> [INFORMATION SHOWN]:
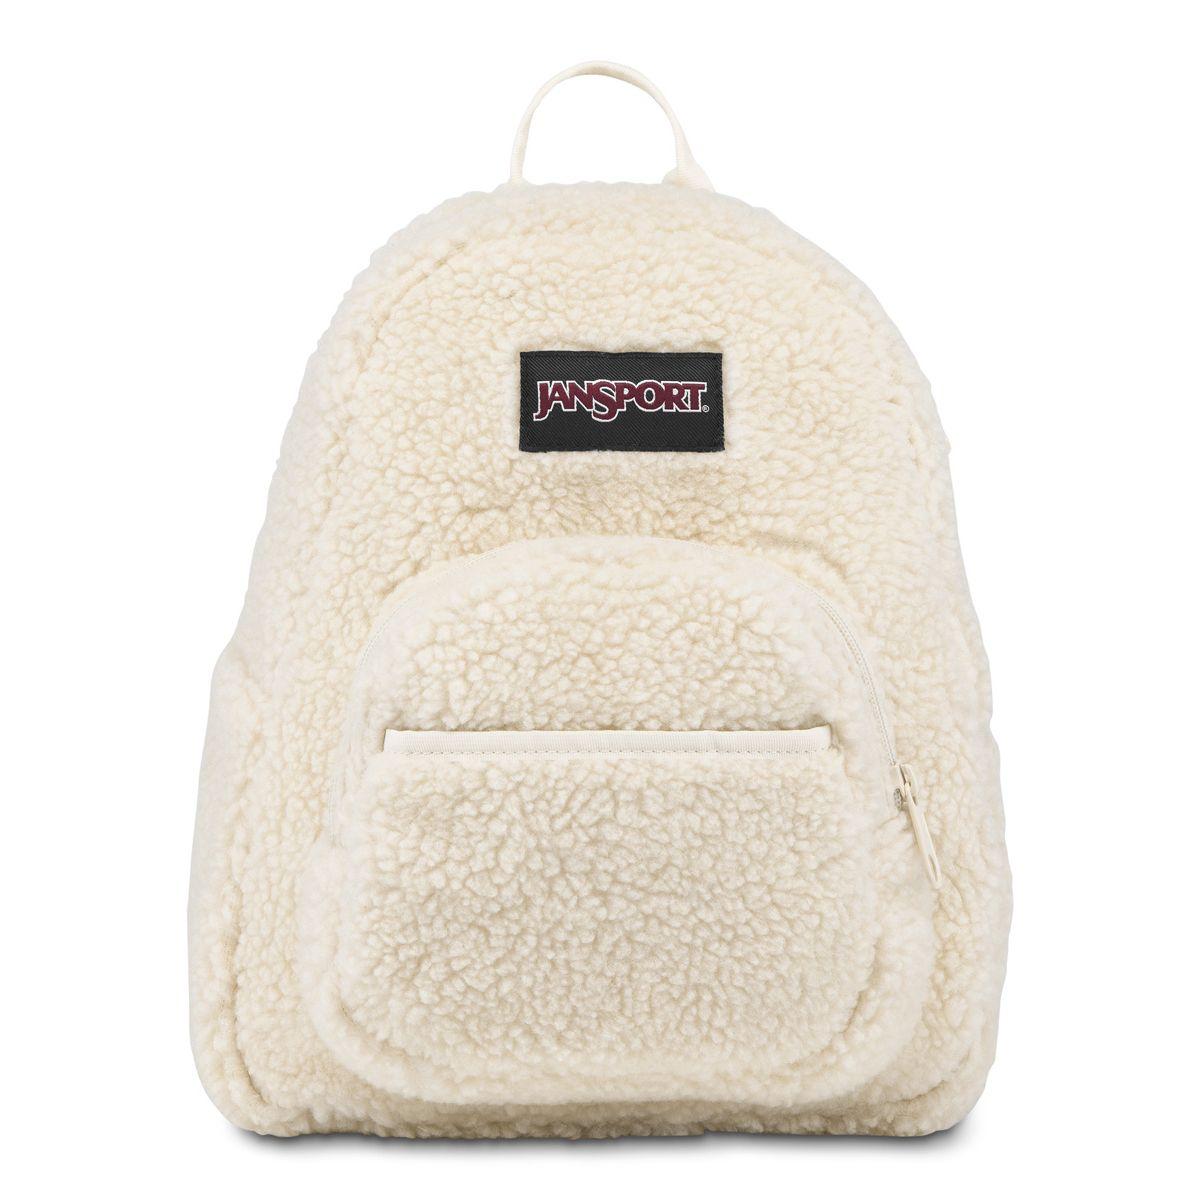 JanSport Half Pint FX Mini Backpack in Soft Tan Sherpa
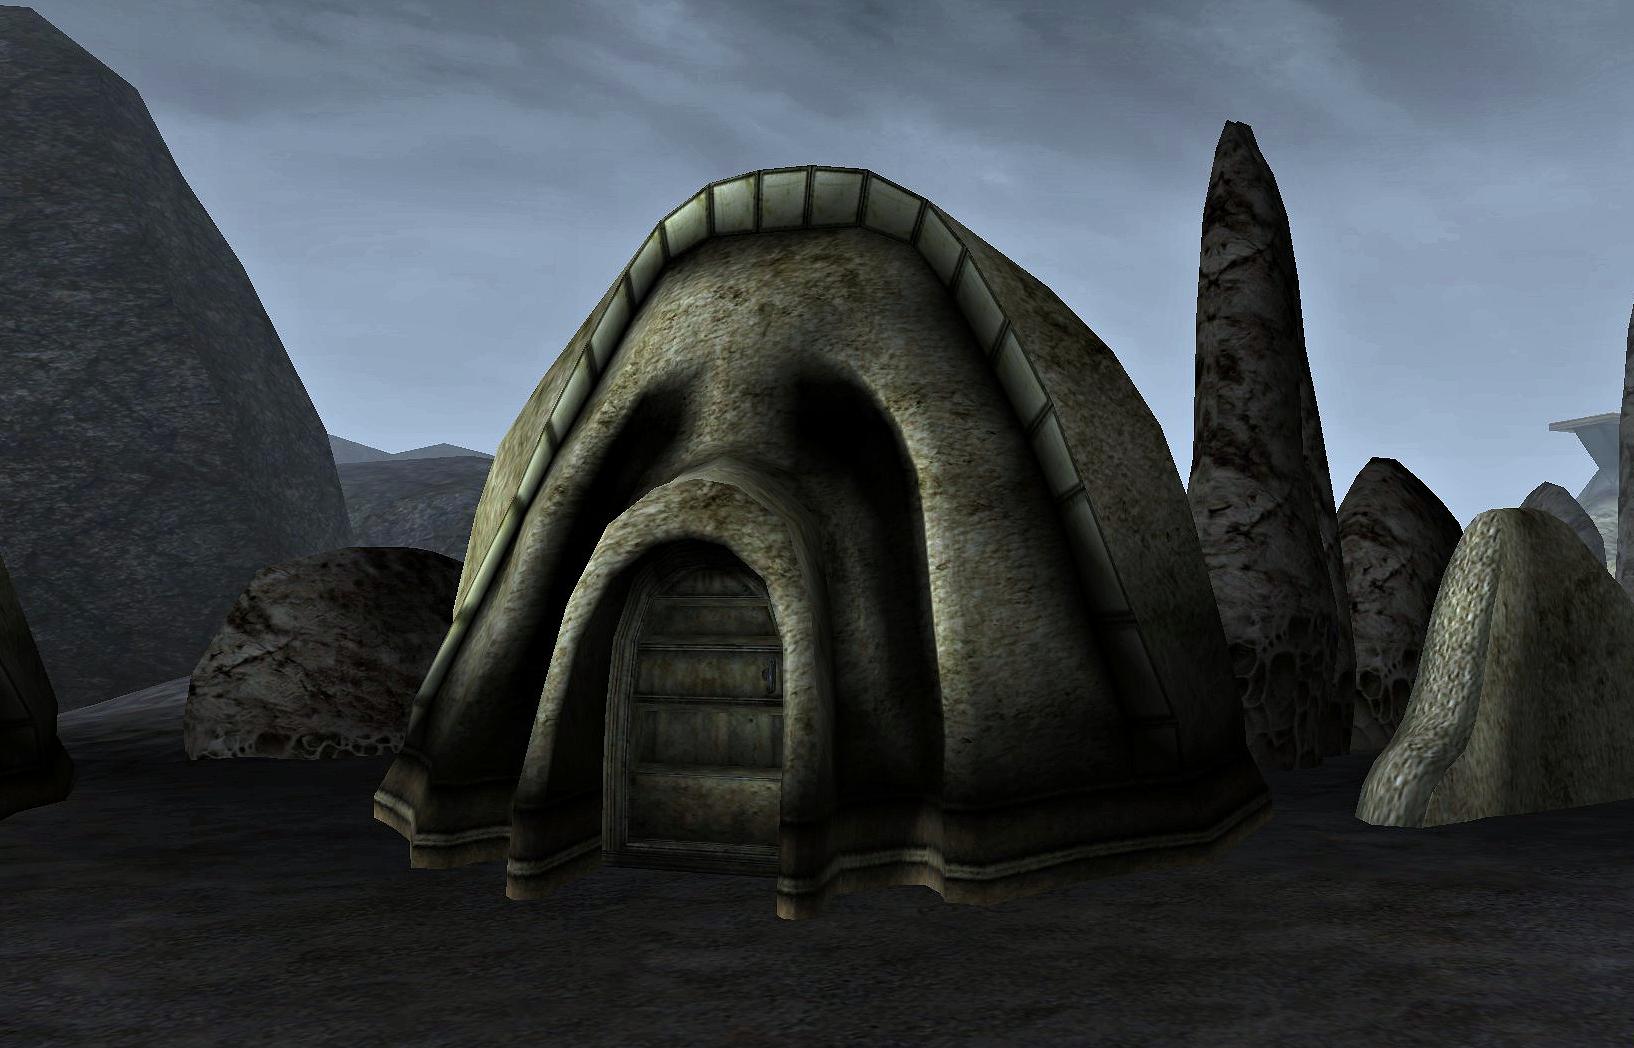 Ilmiril's House
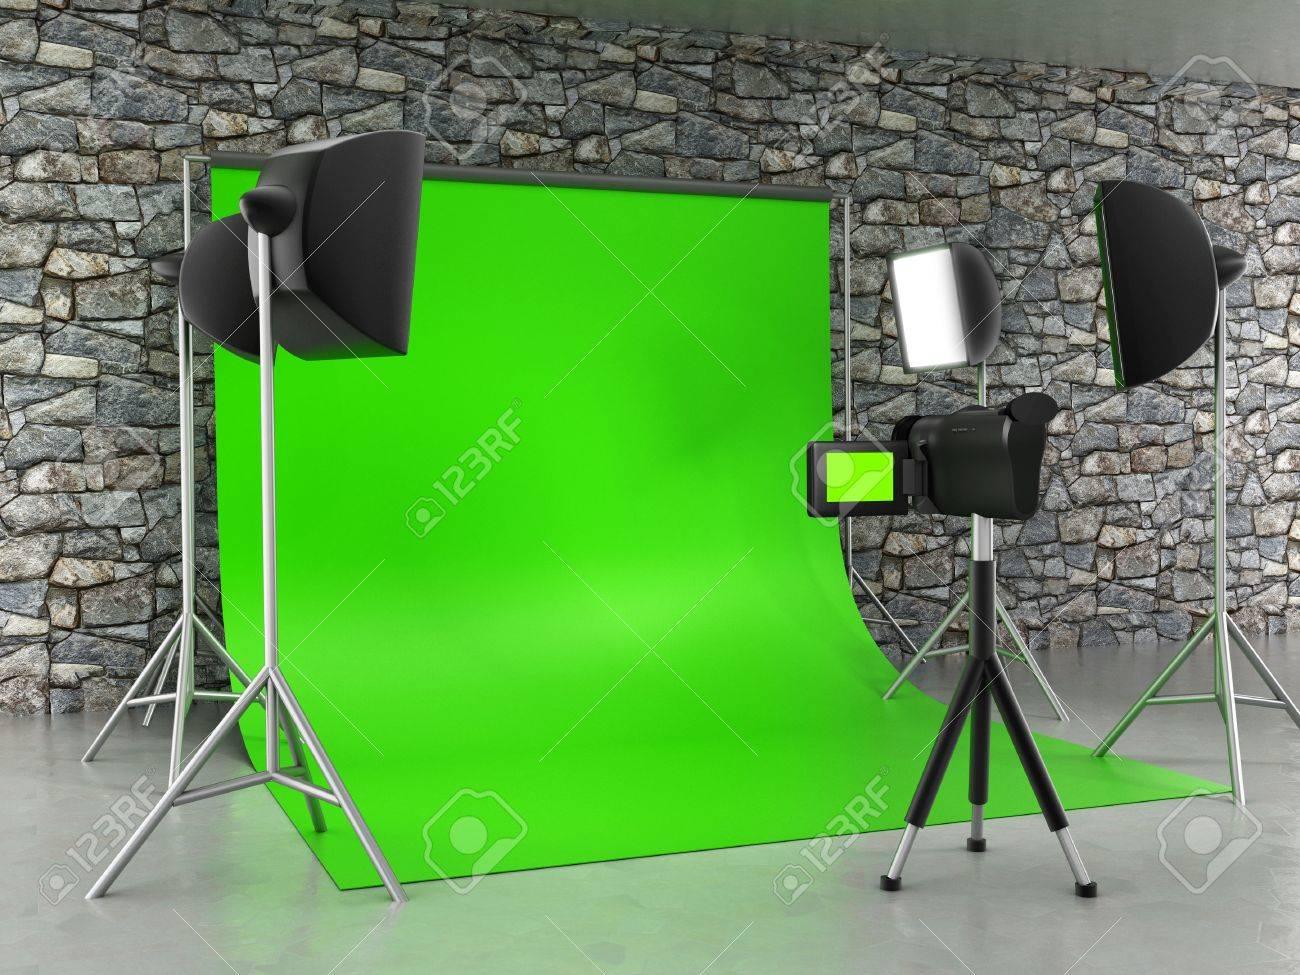 Greenscreen studio setup Stock Photo - 32056573
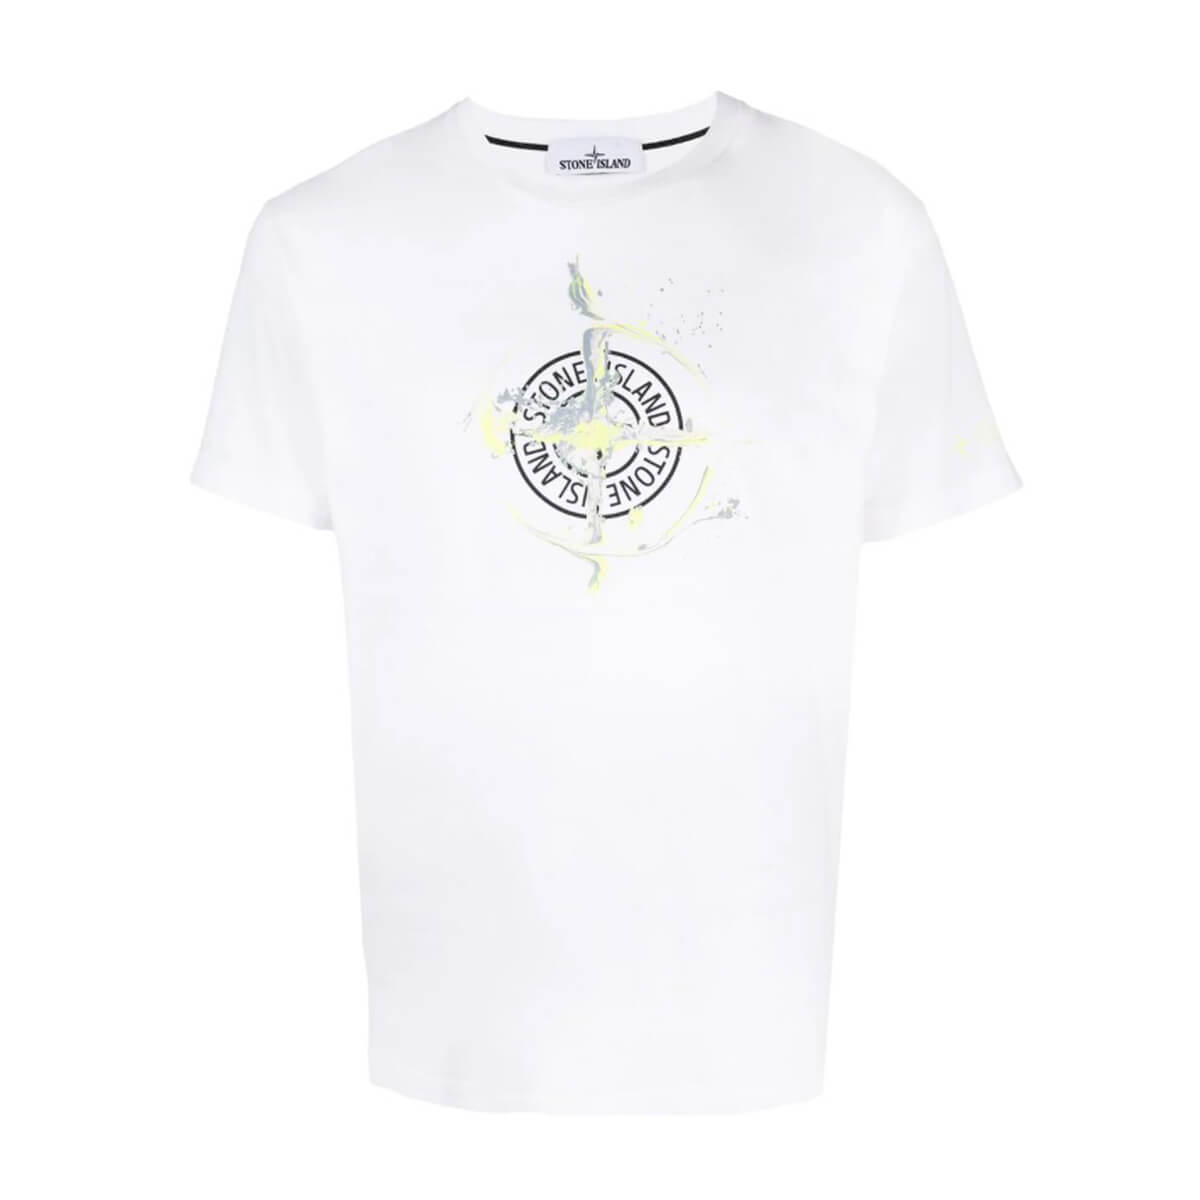 SPRING SUMMER 2021 Stone IslandLogo-Print T-Shirt Τυπωμένο λογότυπο Στρογγυλή λαιμόκοψη Κοντά μανίκια Μέγεθος δείγματος: M Σύνθεση: 100% Βαμβάκι

> [WORK ITEM]:
Without the pictures, transcribe the lines from the one containing "Ilmiril's House" through the end of the data, exactly and only those.

> [RESPONSE TO THE EXERCISE]:
 Ilmiril's House
 Greenscreen studio setup Stock Photo - 32056573
 SPRING SUMMER 2021 Stone IslandLogo-Print T-Shirt Τυπωμένο λογότυπο Στρογγυλή λαιμόκοψη Κοντά μανίκια Μέγεθος δείγματος: M Σύνθεση: 100% Βαμβάκι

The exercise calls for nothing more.